Medical Informatics and E-learning Unit, Medical Education Department, College of Medicine, King Saud University, Riyadh 12372, Saudi Arabia.
Freelance Research Assistant, Riyadh 12372, Saudi Arabia.
Int J Environ Res Public Health. 2021 Dec 20;18(24):13388. doi: 10.3390/ijerph182413388.
A series of mitigation efforts were implemented in response to the COVID-19 pandemic in Saudi Arabia, including the development of mobile health applications (mHealth apps) for the public. Assessing the acceptability of mHealth apps among the public is crucial. This study aimed to use Twitter to understand public perceptions around the use of six Saudi mHealth apps used during COVID-19: "Sehha", "Mawid", "Sehhaty", "Tetamman", "Tawakkalna", and "Tabaud". We used two methodological approaches: network and sentiment analysis. We retrieved Twitter data using specific mHealth apps-related keywords. After including relevant tweets, our final mHealth app networks consisted of a total of 4995 Twitter users and 8666 conversational relationships. The largest networks in size (i.e., the number of users) and volume (i.e., the conversational relationships) among all were "Tawakkalna" followed by "Tabaud", and their conversations were led by diverse governmental accounts. In contrast, the four remaining mHealth networks were mainly led by the health sector and media. Our sentiment analysis approach included five classes and showed that most conversations were neutral, which included facts or information pieces and general inquires. For the automated sentiment classifier, we used Support Vector Machine with AraVec embeddings as it outperformed the other tested classifiers. The sentiment classifier showed an accuracy, precision, recall, and F1-score of 85%. Future studies can use social media and real-time analytics to improve mHealth apps' services and user experience, especially during health crises.
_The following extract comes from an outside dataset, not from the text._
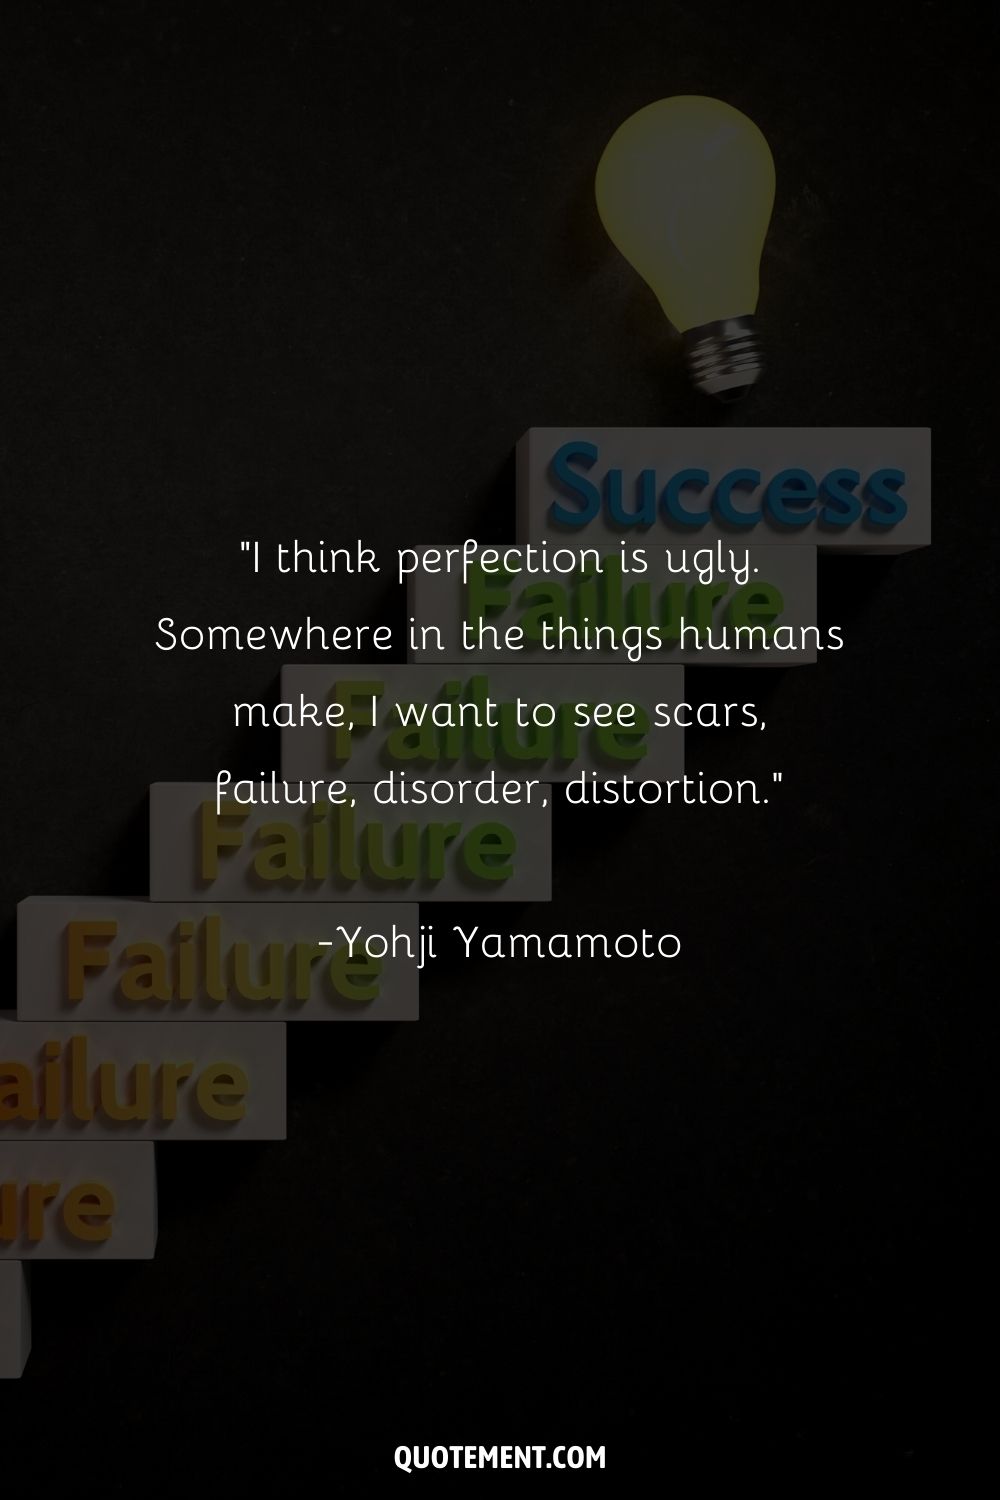 “I think perfection is ugly. Somewhere in the things humans make, I want to see scars, failure, disorder, distortion.” ― Yohji Yamamoto
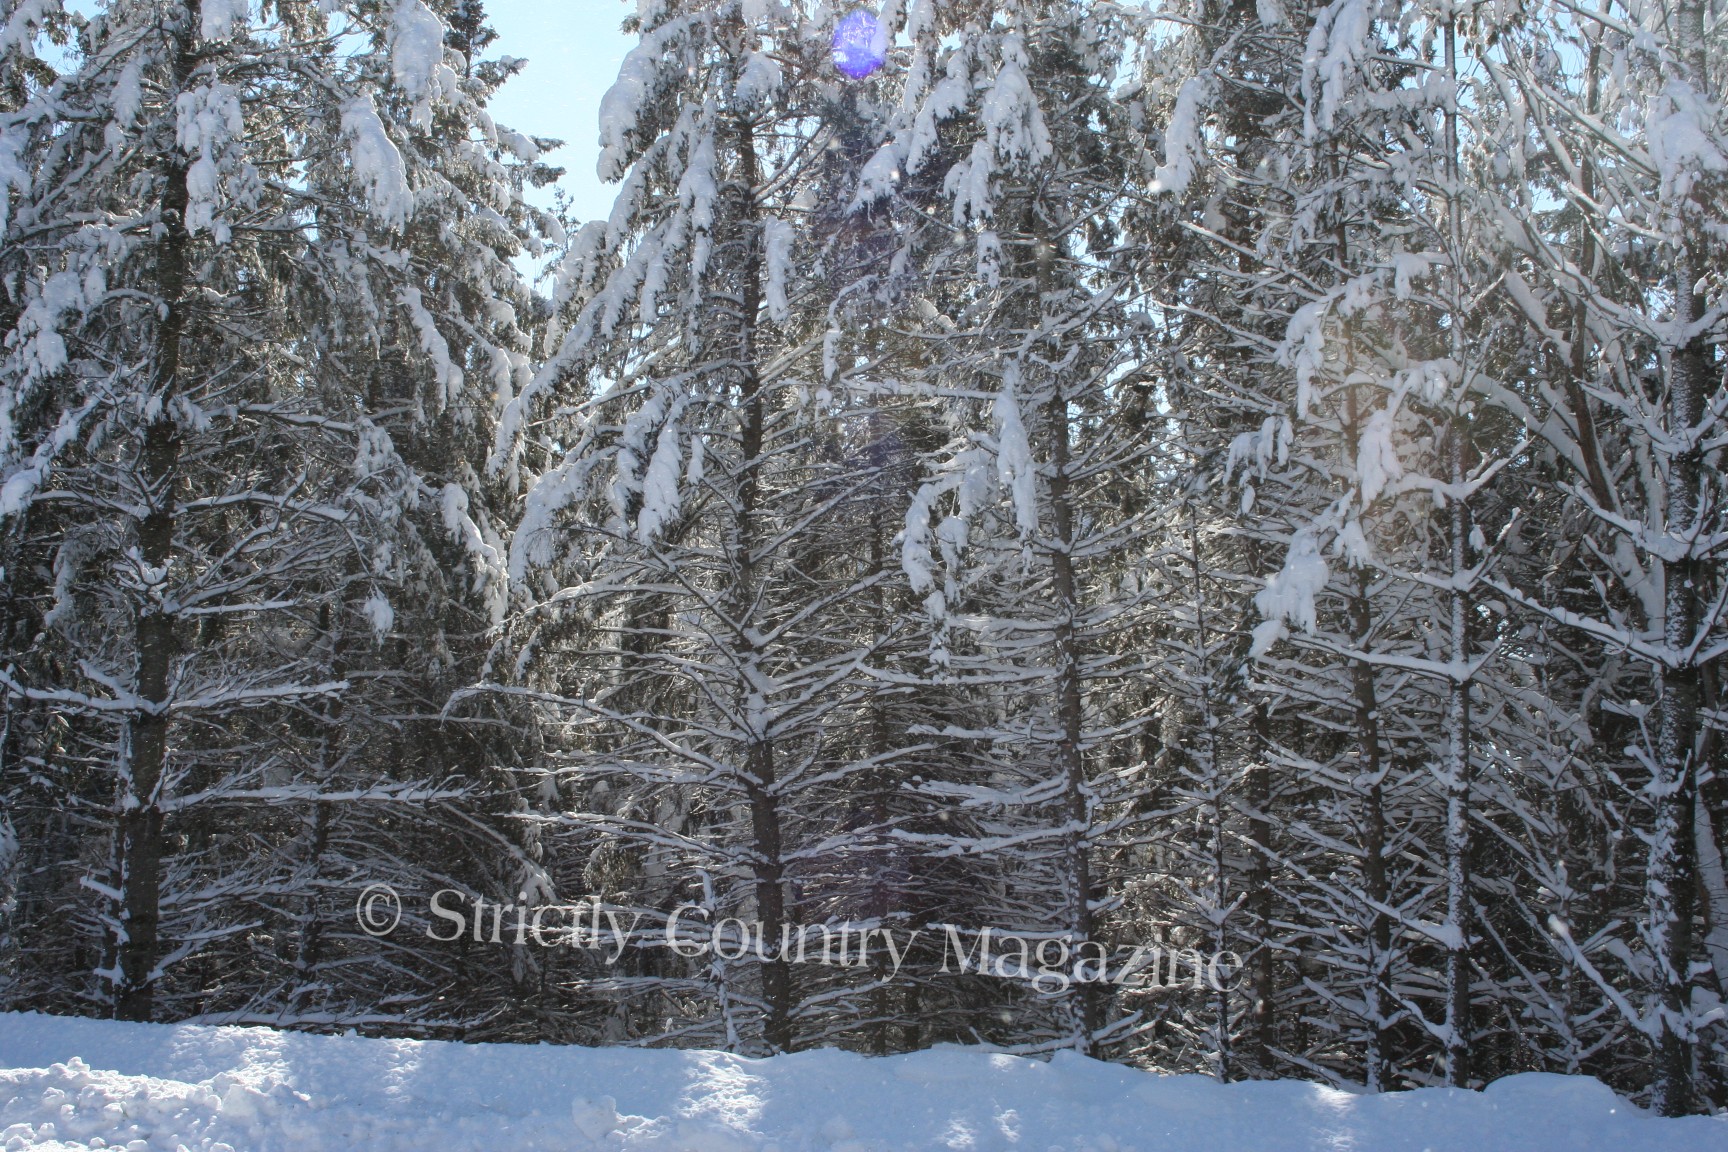 Strictly Country Magazine Copyright A Northwoods Country Christmas 25 Romantic Days of Christmas image

沙特阿拉伯针对 COVID-19 疫情采取了一系列缓解措施,包括为公众开发移动健康应用程序(mHealth apps)。评估公众对 mHealth apps 的接受程度至关重要。本研究旨在利用 Twitter 了解公众对在 COVID-19 期间使用的六个沙特 mHealth apps 的看法:"Sehha"、"Mawid"、"Sehhaty"、"Tetamman"、"Tawakkalna"和"Tabaud"。我们使用了两种方法学方法:网络分析和情感分析。我们使用特定的 mHealth apps 相关关键字检索 Twitter 数据。在包含相关推文后,我们最终的 mHealth app 网络包括总共 4995 名 Twitter 用户和 8666 个对话关系。所有网络中规模(即用户数量)和规模(即对话关系数量)最大的网络是" Tawakkalna",其次是"Tabaud",其对话由各种政府账户主导。相比之下,其余四个 mHealth 网络主要由卫生部门和媒体主导。我们的情感分析方法包括五个类别,结果表明大多数对话都是中立的,包括事实或信息片段和一般查询。对于自动情感分类器,我们使用支持向量机和 AraVec 嵌入,因为它的性能优于其他测试的分类器。情感分类器的准确率、精确率、召回率和 F1 得分为 85%。未来的研究可以利用社交媒体和实时分析来改善 mHealth apps 的服务和用户体验,尤其是在健康危机期间。